A computer program product for analyzing the positive and negative emotions of a text. The computer program product includes at least one program instruction. The at least one program instruction is loaded into a computer system to perform the following steps: provide the text; determine the text Whether the length exceeds a preset number of words; if yes, perform long sentence vector conversion on the text to generate a long sentence vector; if not, perform short sentence vector conversion on the text to generate a short sentence vector; the long sentence The vector or the short sentence vector is embedded in a positive sentiment prediction model to generate a positive reliability and a non-positive reliability; the long sentence vector or the short sentence vector is embedded in a negative sentiment prediction model to generate a negative sentiment prediction model And a non-negative reliability; and based on the positive reliability, the non-positive reliability, the negative reliability, and the non-negative reliability to generate emotion information; wherein the emotion information includes a positive emotion value, a negative emotion value and A sentiment category label; wherein, the steps of generating the sentiment information based on the positive reliability, the non-positive reliability, the negative reliability, and the non-negative reliability include: the positive reliability, the non-positive reliability, and the negative reliability And the non-negative reliability are converted into a positive indicator, a neutral indicator and a negative indicator; and a threshold value is set as the positive indicator, the neutral indicator and the The judgment criterion of the negative indicator, or the comparison of the positive indicator, the neutral indicator and the negative indicator to generate the sentiment category label; wherein the positive indicator corresponds to the probability that the text is judged to be positive and non-negative, the The negative indicator is the probability that the text is judged to be negative and non-positive, and the neutral indicator is the probability that the text is judged to be positive and negative and non-positive and non-negative.

For example, the computer program product of item 9 in the scope of patent application, wherein the positive emotion prediction model and the negative emotion prediction model are deep learning models.

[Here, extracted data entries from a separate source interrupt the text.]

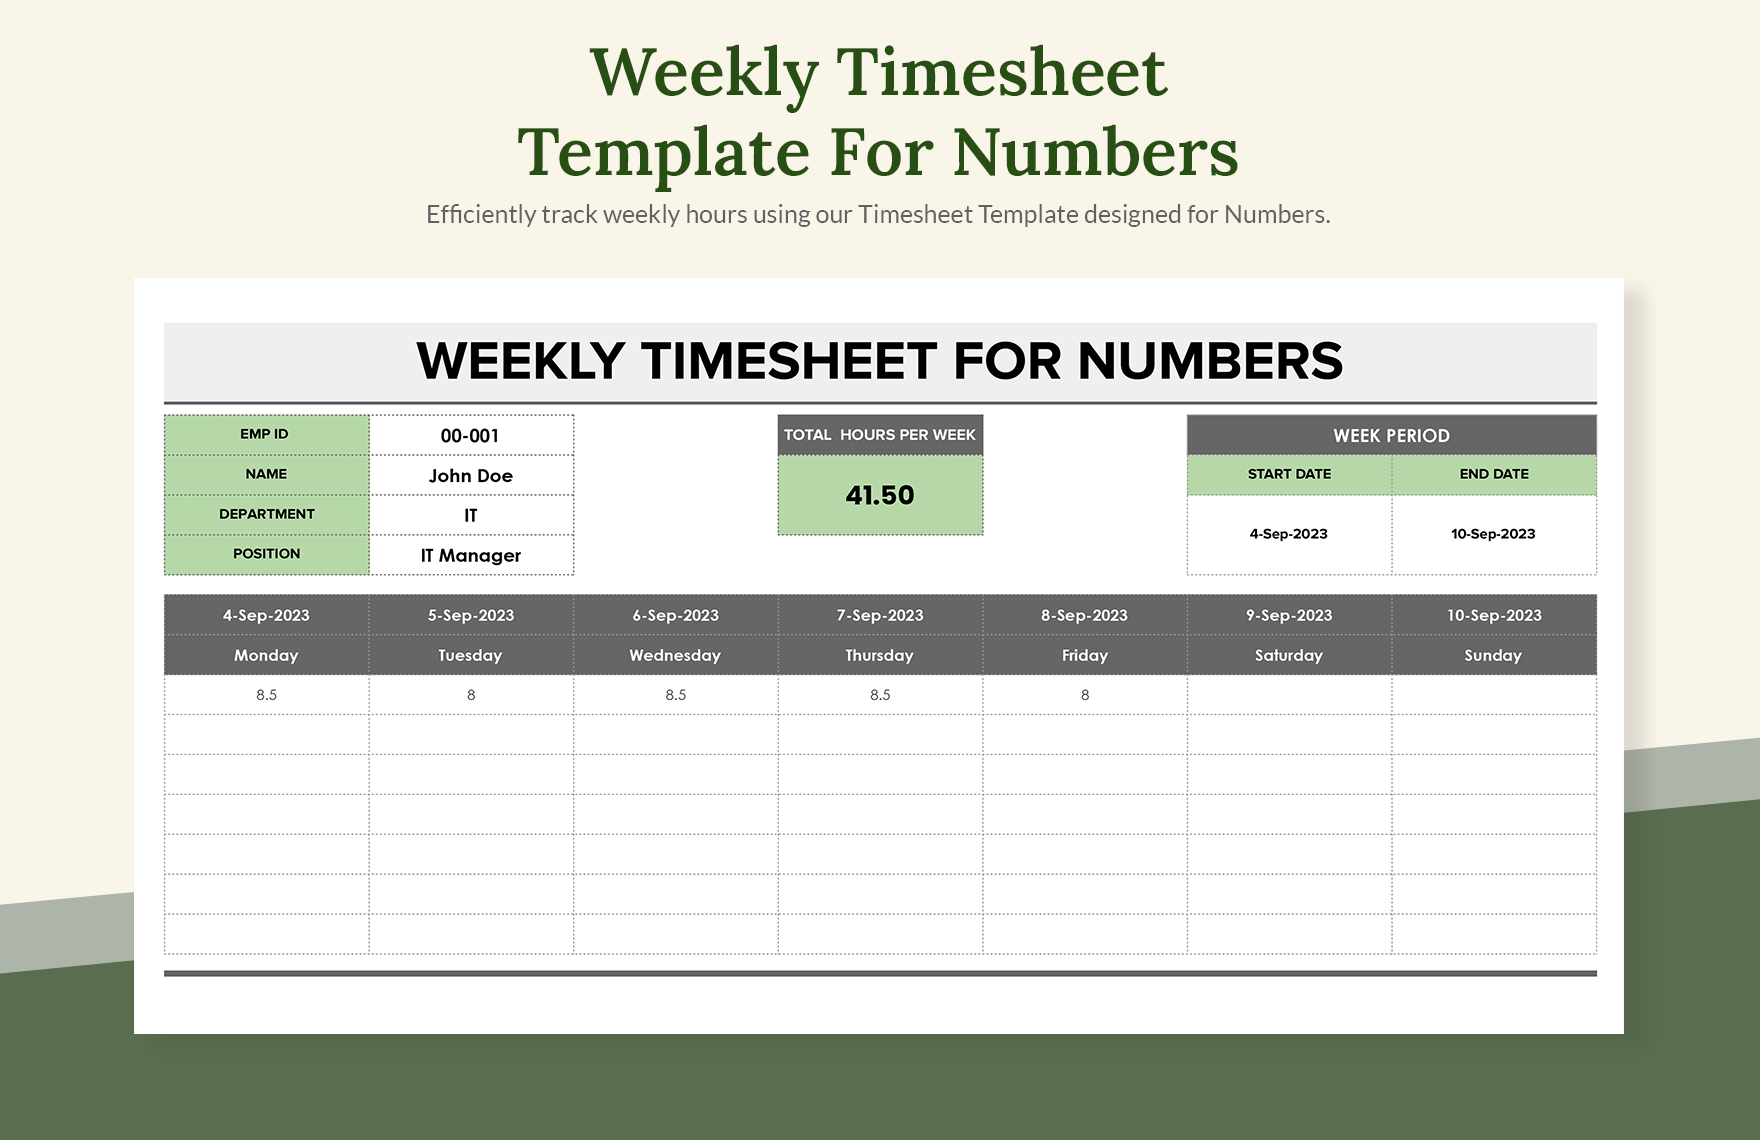 weekly-timesheet-for-numbers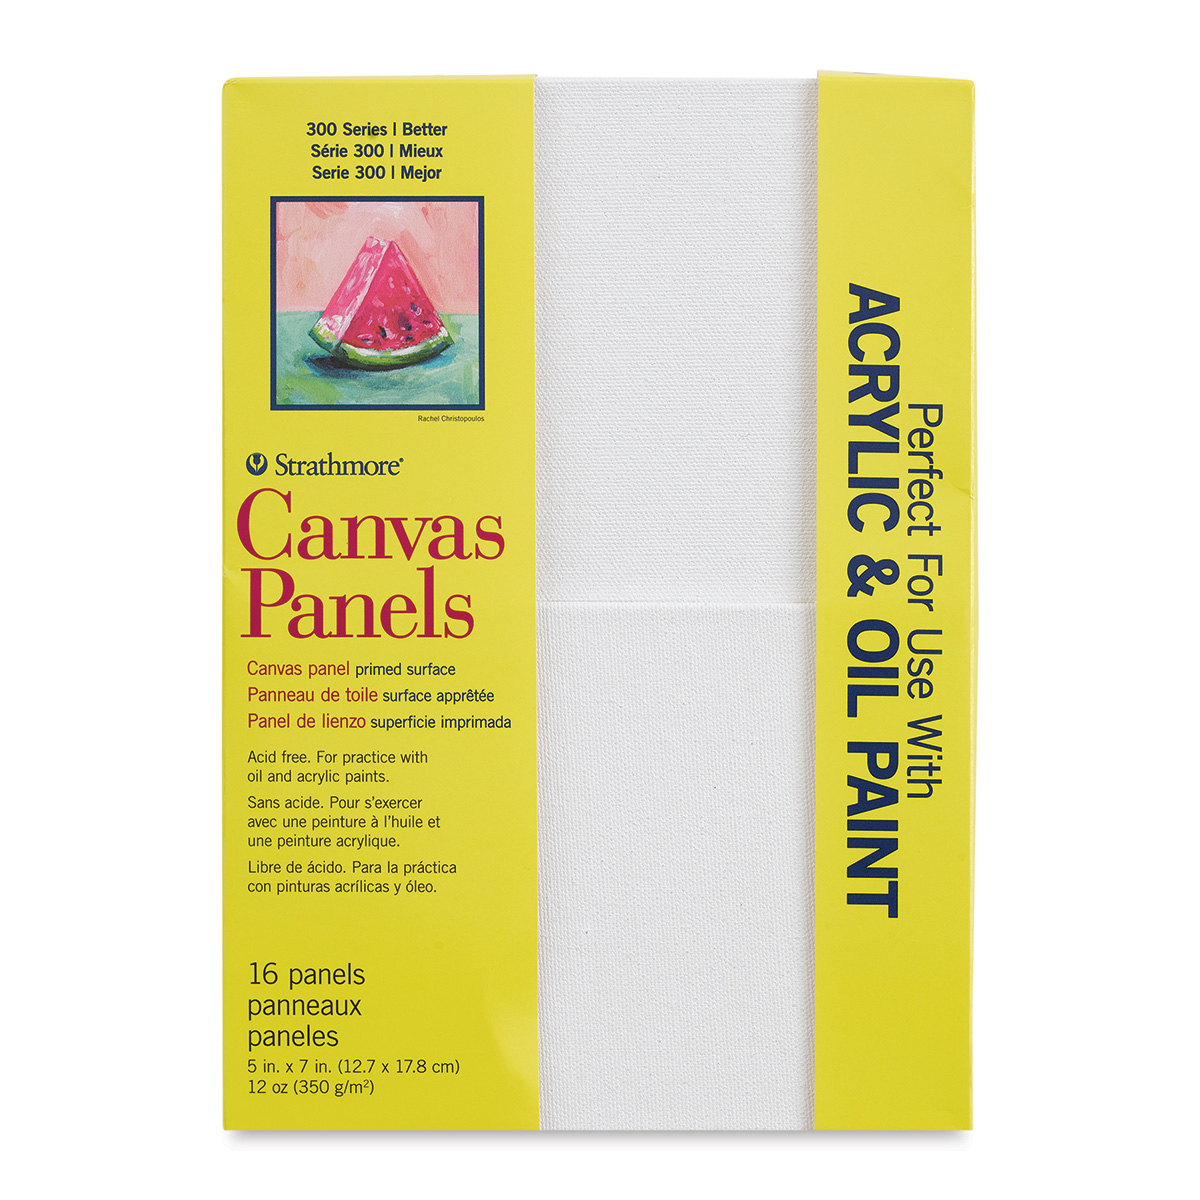 Strathmore 300 Series Canvas Paper Pad, Glue Bound, 12x16 inches, 10 Sheets  (115lb/187g) - Artist Paper for Adults and Students - Acrylic and Oil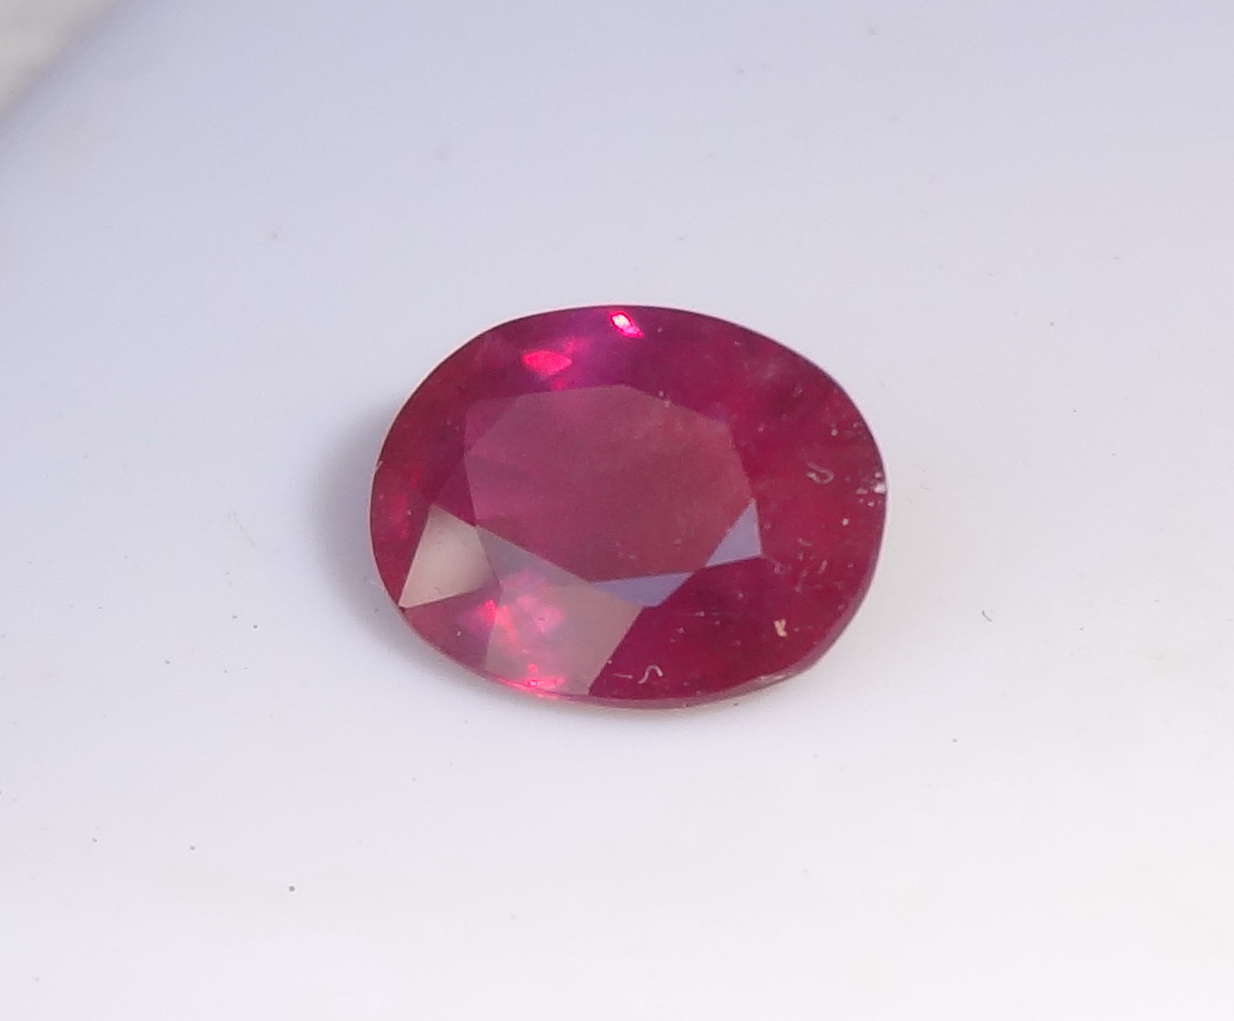 Buy cheap and affordable large Ruby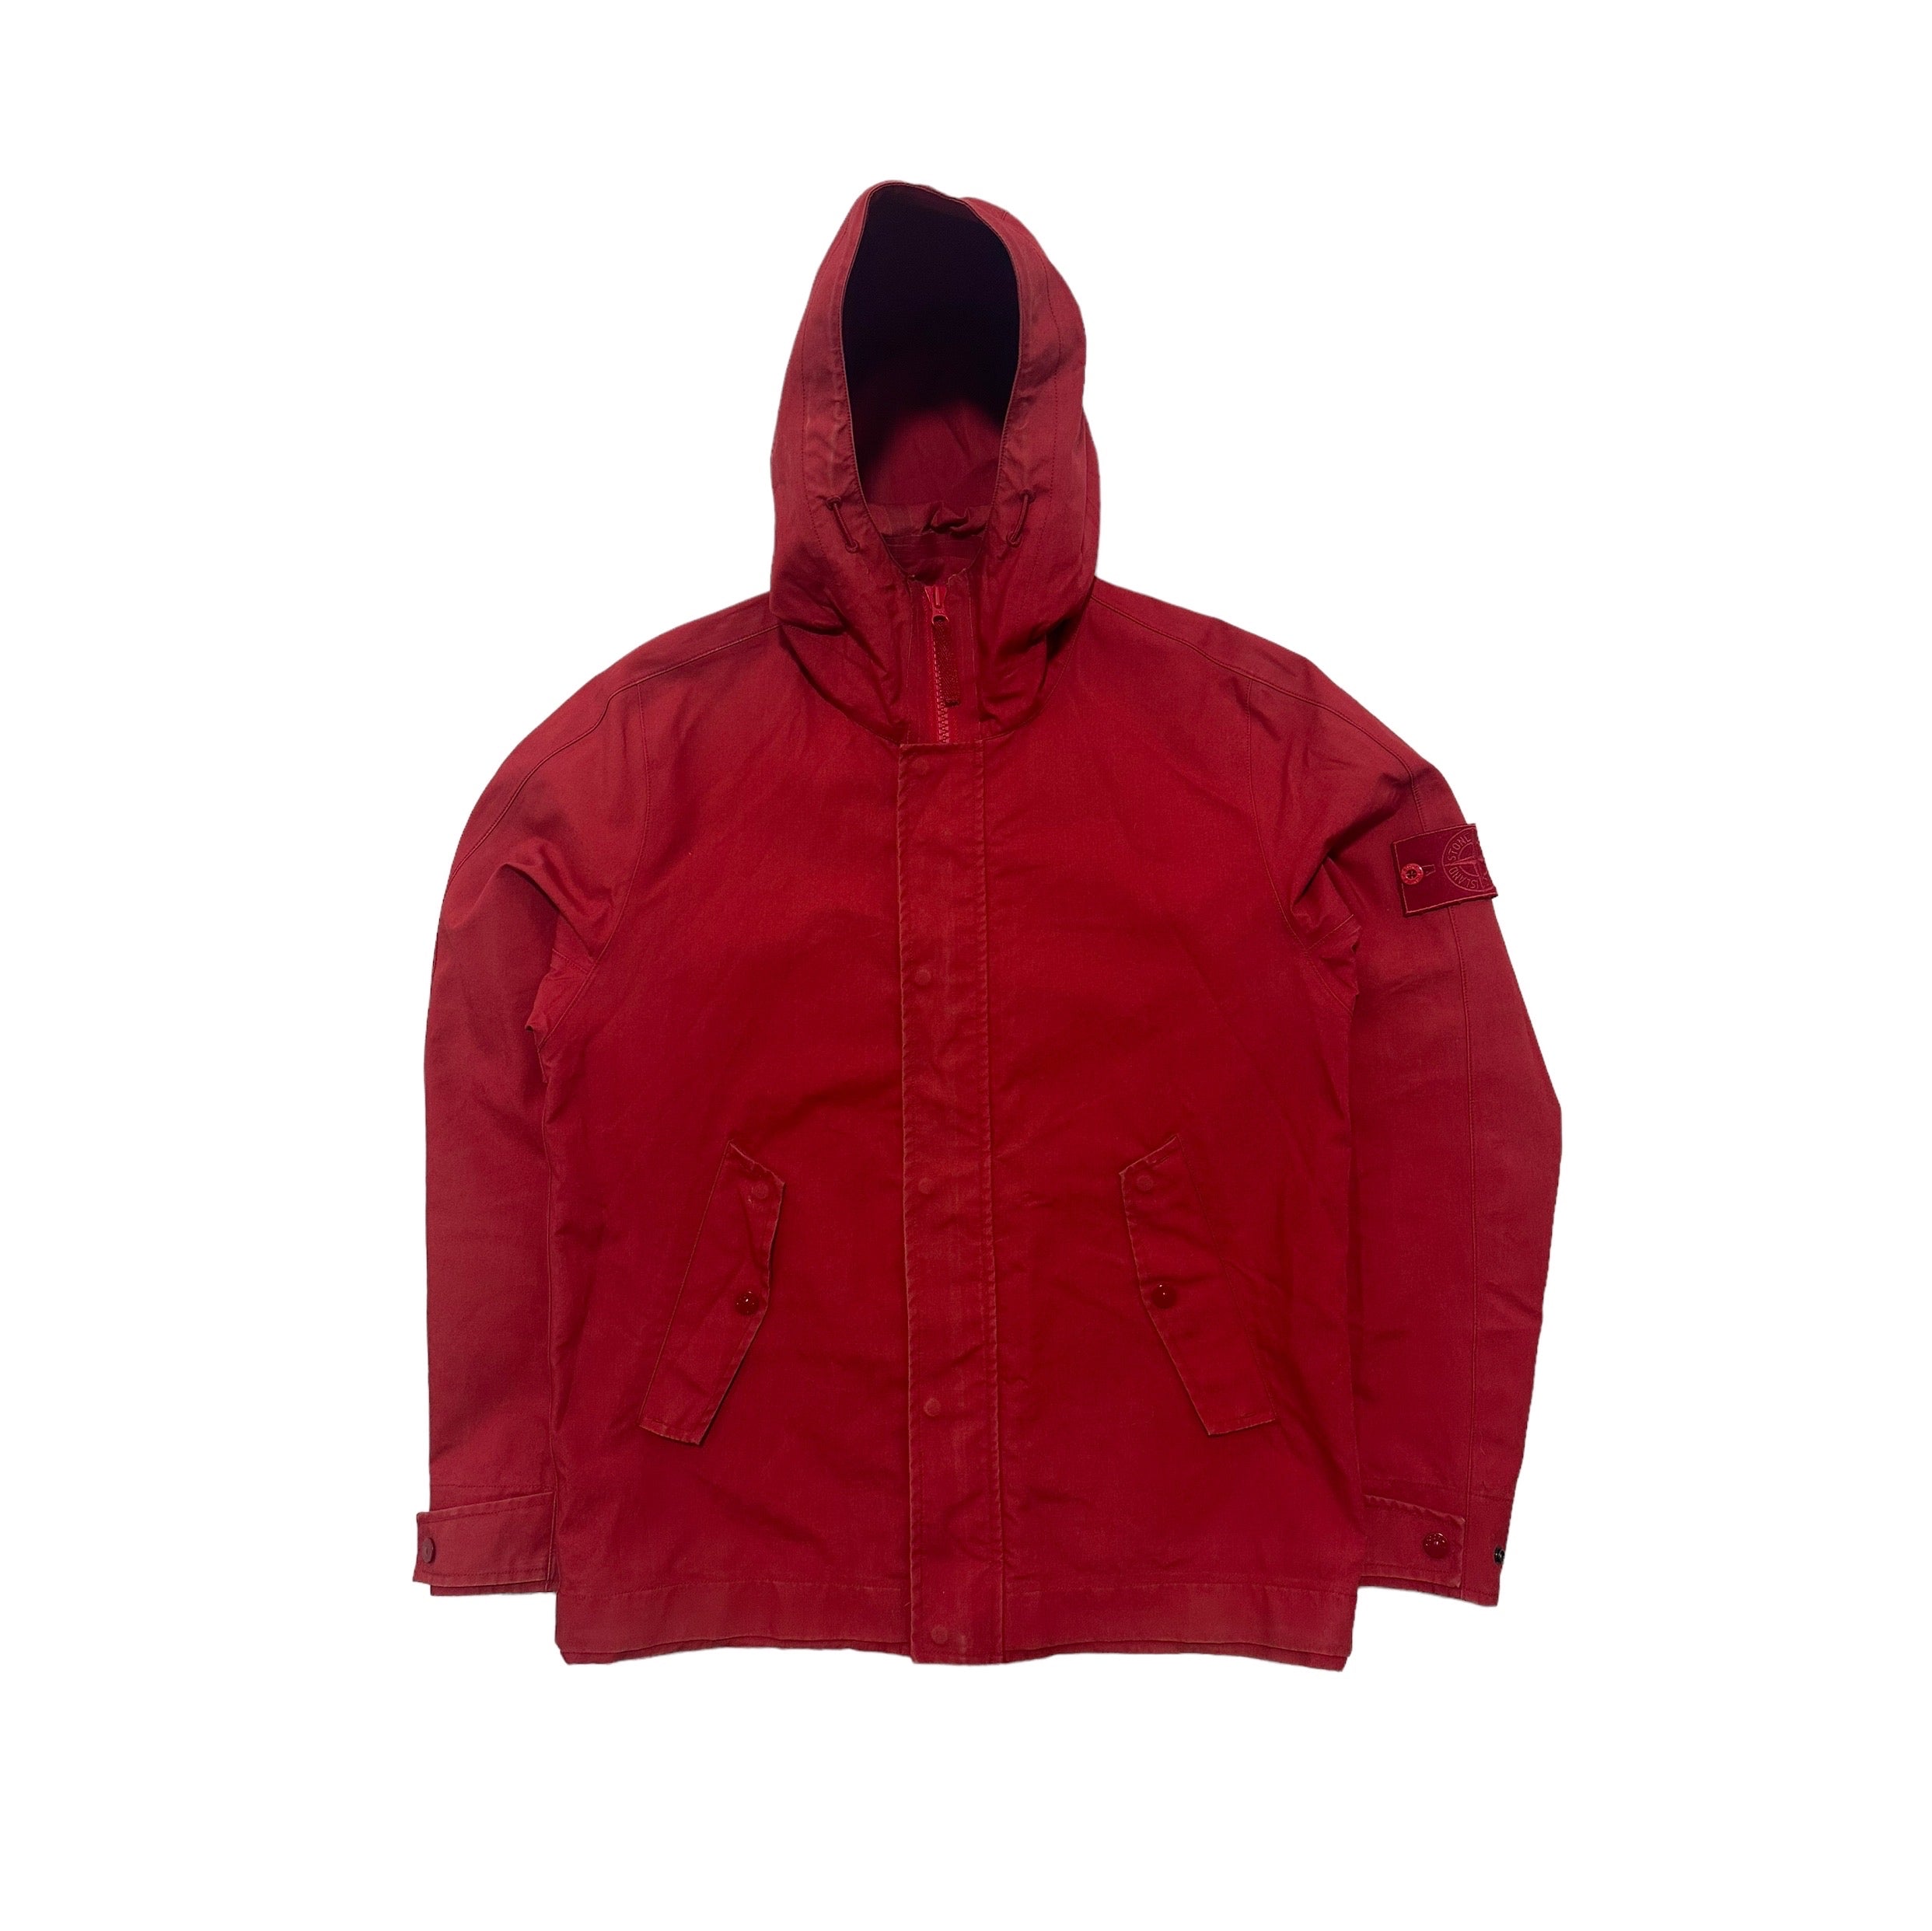 Stone Island Red Ghost 3L Performance Cotton Jacket

For example, the computer program product of item 9 of the scope of patent application, wherein the at least one program instruction is loaded into the step of performing the sentence vector conversion on the text executed by the computer system, and further includes word segmentation processing on the text, To generate at least one word.

For example, the computer program product of item 11 of the scope of patent application, wherein the at least one program instruction is loaded into the computer system to execute the step of performing short sentence vector conversion on the text, which is to perform vector conversion on the words respectively.